The analysis included 735 patients (mean age, 37.2 years; 94.6 percent female; 29.2 percent Asian) who entered the extension study and were scheduled to receive belimumab intravenously (10 mg/kg) every 4 weeks plus standard therapy. The first dose was administered within 28 weeks after the last treatment dose in the parent studies.

Patients who received the 1-mg/kg dose previously received the same dose in the current study until marketing approval was obtained for 10 mg/kg. Treatment continued until belimumab became commercially available in the patient’s country, with a subsequent 8-week follow-up period.

Over 8 years of belimumab exposure, the incidences of adverse events (AEs), severe and serious AEs, and AEs of special interest were similar and generally remained stable or declined over time. AE rate generally declined, from 26.4 percent in first year to 6.2 percent in the eighth year. The top five AEs were headache (n=205; 27.9 percent), nasopharyngitis (n=155; 21.1 percent), diarrhoea (n=143; 19.5 percent), arthralgia (n=136; 18.5 percent) and influenza (n=134; 18.2 percent). [Rheumatology 2019;doi:10.1093/rheumatology/kez279]

There were 506 serious AEs recorded in 231 patients (31.4 percent). The most common events were bacterial pneumonia (n=14; 1.9 percent), lupus nephritis (n=12; 1.6 percent) and cellulitis (n=12; 1.6 percent).

In terms of special interest AEs, incidence of malignancy was generally consistent across study years (eight patients overall), while that of infections was low, peaking at 4.4 percent in the first year and decreasing to 0.9 percent in the seventh year. Depression (including mood disorders), suicide and/or self-injury were reported in 86 patients (11.7 percent) patients, with incidence decreasing over the time. There were no completed suicides.

AEs resulted in treatment discontinuation or study withdrawal in 69 patients (9.4 percent). There were 11 deaths recorded, including one case of cardiogenic shock considered possibly related to treatment. Another two deaths occurred during post-treatment follow-up.

The mean Systemic Lupus International Collaborating Clinics/American College of Rheumatology (SLICC/ACR) Damage Index score was 0.6 at baseline and remained stable. In the eighth year, 57 of 65 patients (87.7 percent) showed no change in SLICC/ACR Damage Index score, indicating low organ damage accrual.

Results were consistent in a subgroup analysis involving patients with high disease activity, defined as those who were anti-dsDNA positive (530 IU/ml) and hypocomplementaemic.

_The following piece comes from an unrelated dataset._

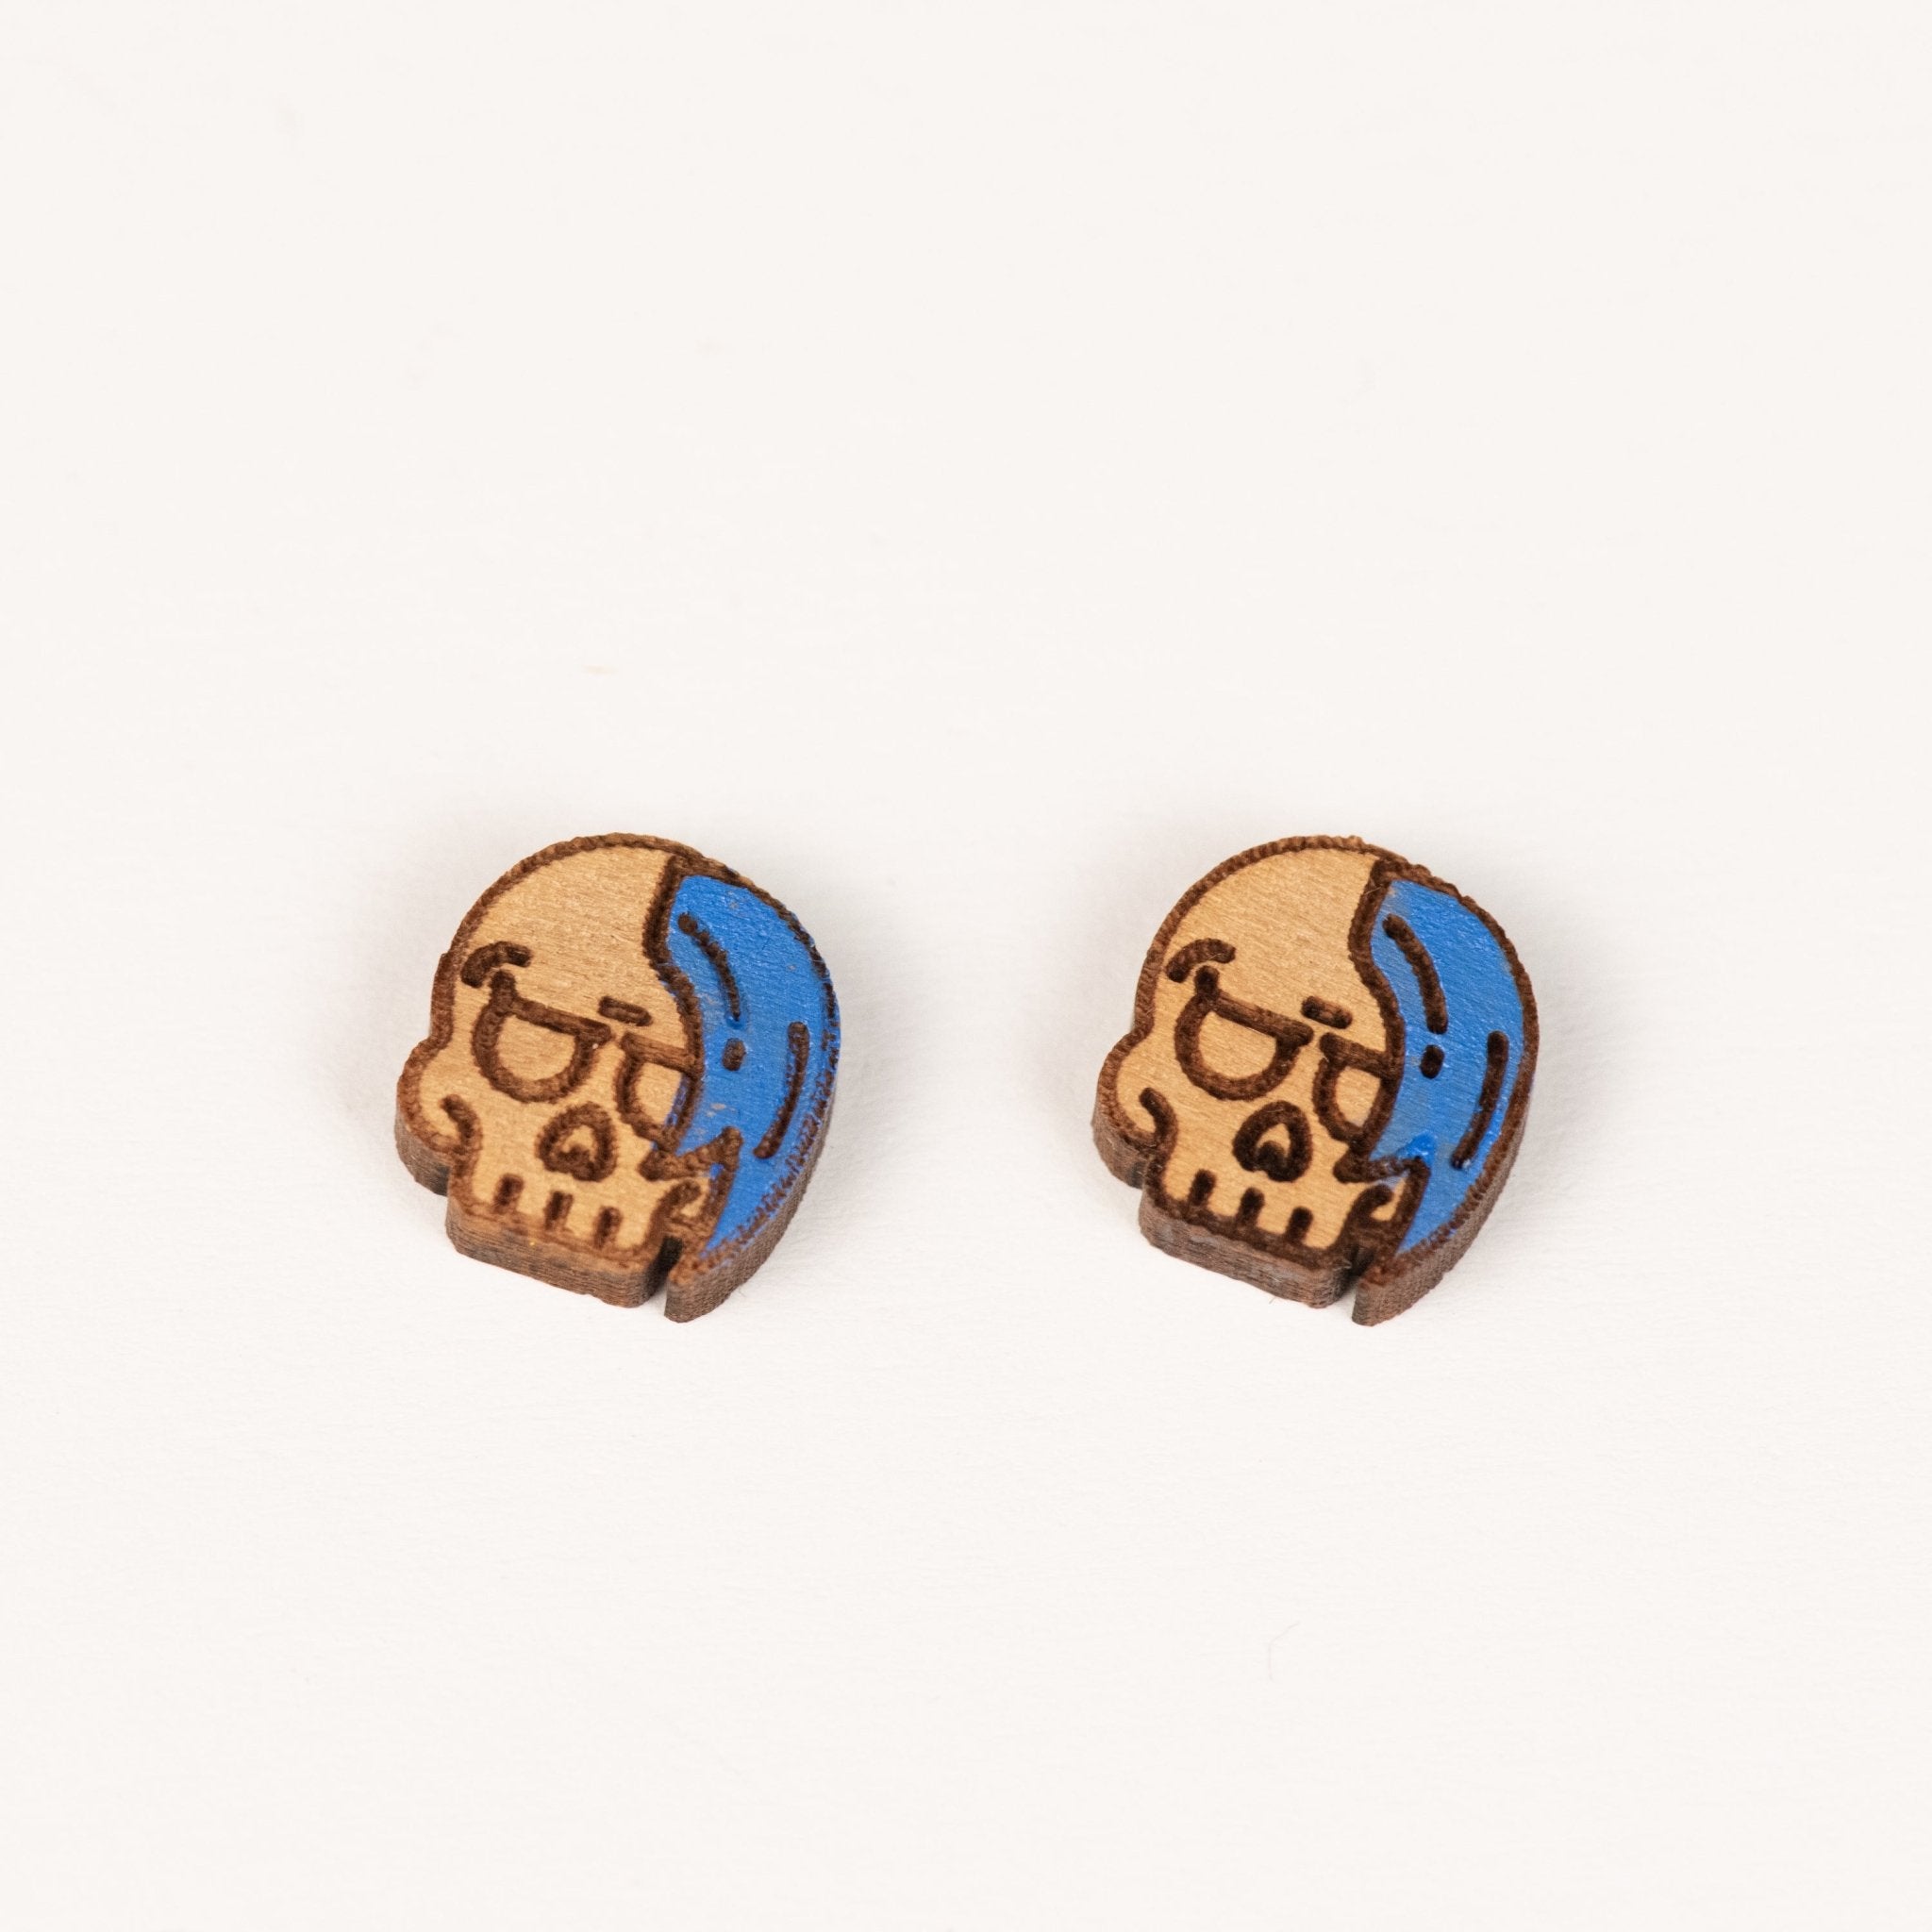 Punk Skull Painted Cherry Wood Stud Earrings - PET15162 - Robin Valley Official Store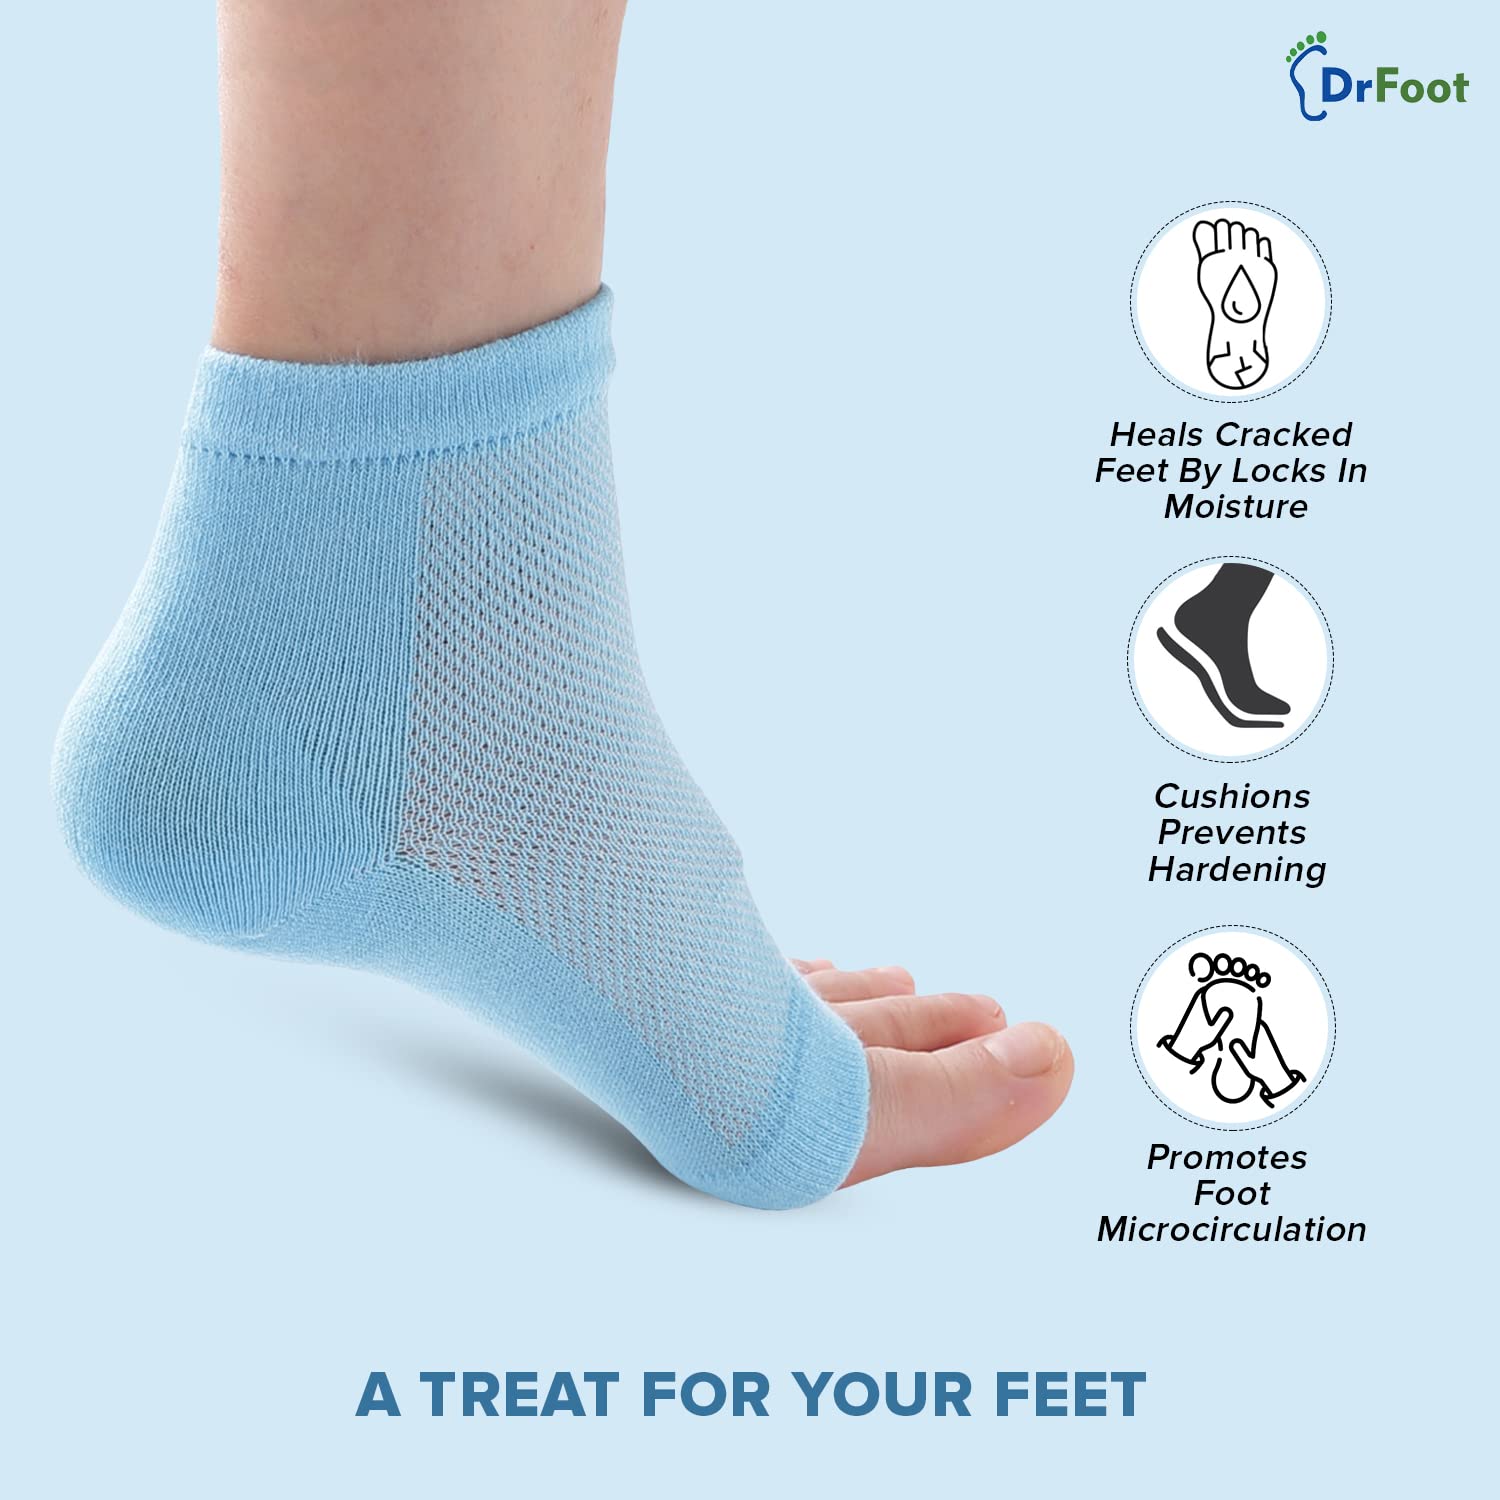 Dr Foot Silicone Gel Heel Socks | Silicone Gel Moisturizer Heel Sleeves To Smooth & Soften Rough Cracked Heels & Dry Feet Or Irritated Heels| For Men & Women | Free Size – 1 Pair (Pack of 3)

A human IgG1- monoclonal antibody, belimumab inhibits the survival of B cells, including autoreactive B cells, and reduces their differentiation into Ig-producing plasma cells. It is supplied as a solution for intravenous infusion and specifically indicated for the treatment of adult patients with active, autoantibody-positive, SLE who are receiving standard therapy as well as pediatric SLE patients aged 5 years.